Last updated on
In a recent LinkedIn post, Gary Illyes, a Google Analyst, reinforced timeless advice for website owners: Utilize the robots.txt file to block web crawlers from accessing URLs that trigger actions such as adding items to carts or wishlists.
Illyes emphasized the frequent issue of excessive crawler traffic overwhelming servers, often originating from search engine bots indexing URLs meant for user interactions.
He stated:
“Upon examining the content we crawl from the sites in question, it’s all too common to find action URLs like ‘add to cart’ and ‘add to wishlist.’ These hold no value for crawlers and are likely not intended for indexing.”
To mitigate this unnecessary server strain, Illyes recommended restricting access in the robots.txt file for URLs containing parameters like “?add_to_cart” or “?add_to_wishlist.”

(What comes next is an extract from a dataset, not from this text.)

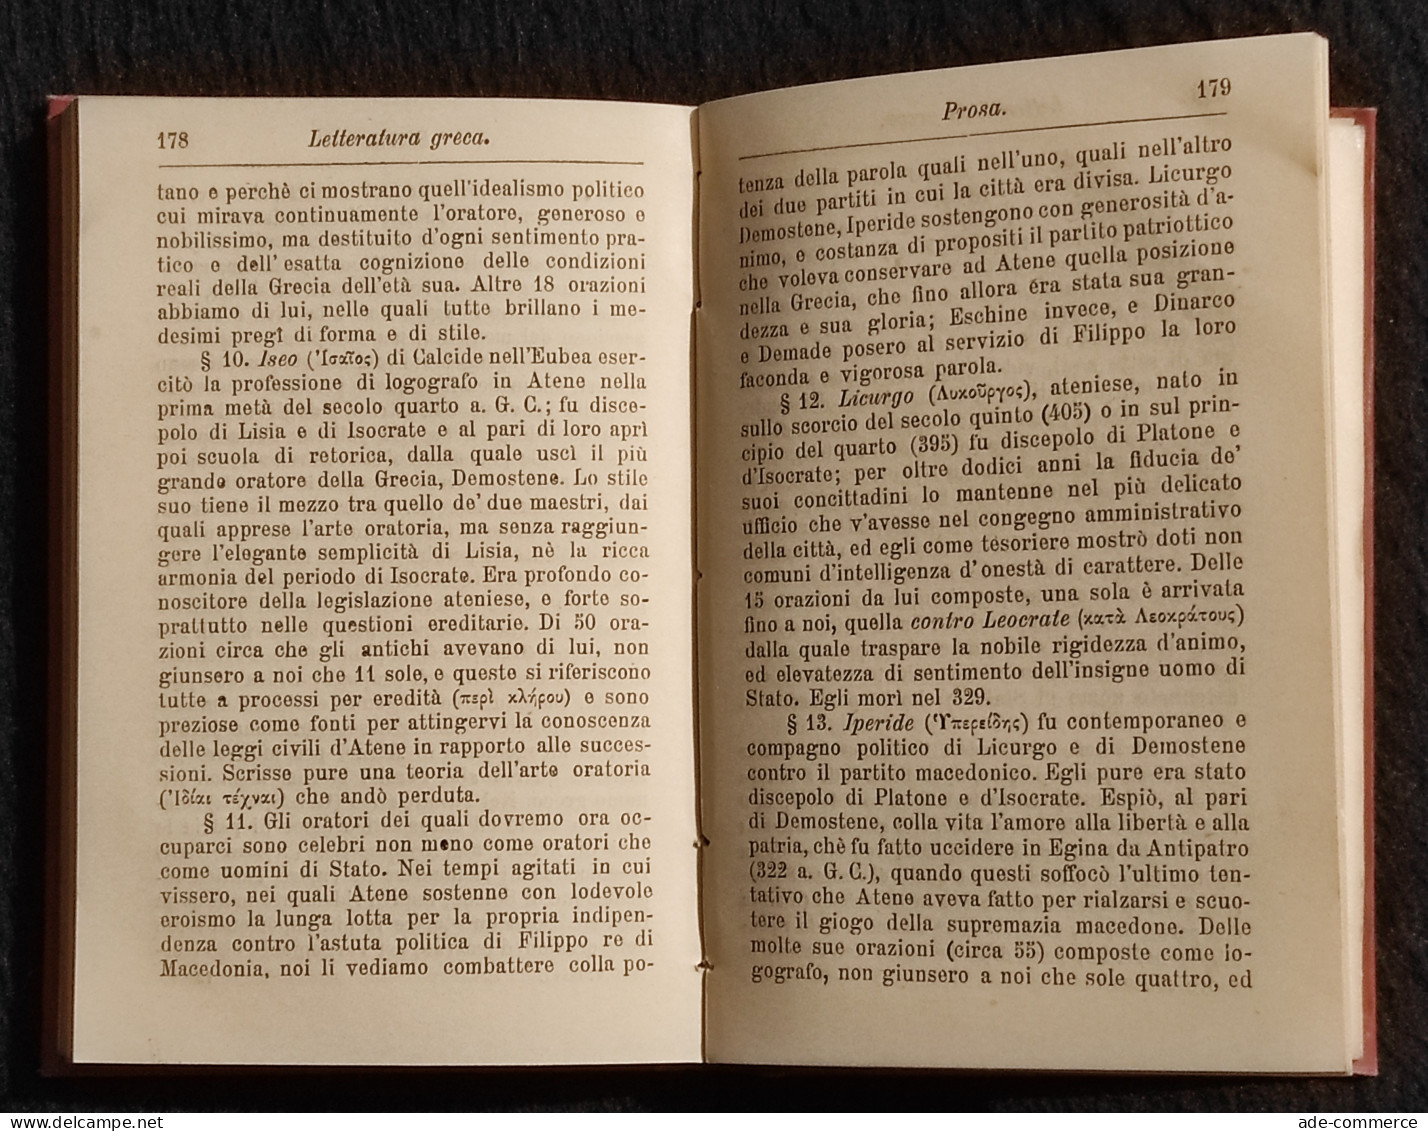 Lettura Greca - V. Inama - Manuali Hoepli - 1886 - Manuels Pour Collectionneurs

Illustrating with an example, he proposed:
“If your URLs resemble:
https://example.com/product/scented-candle-v1?add_to_cart
and
https://example.com/product/scented-candle-v1?add_to_wishlist
It’s advisable to include a disallow rule for them in your robots.txt file.”
While utilizing the HTTP POST method can also deter the crawling of such URLs, Illyes cautioned that crawlers can still execute POST requests, underscoring the continued relevance of robots.txt.
Alan Perkins, contributing to the discussion, highlighted that this guidance reflects web standards established in the 1990s for analogous reasons.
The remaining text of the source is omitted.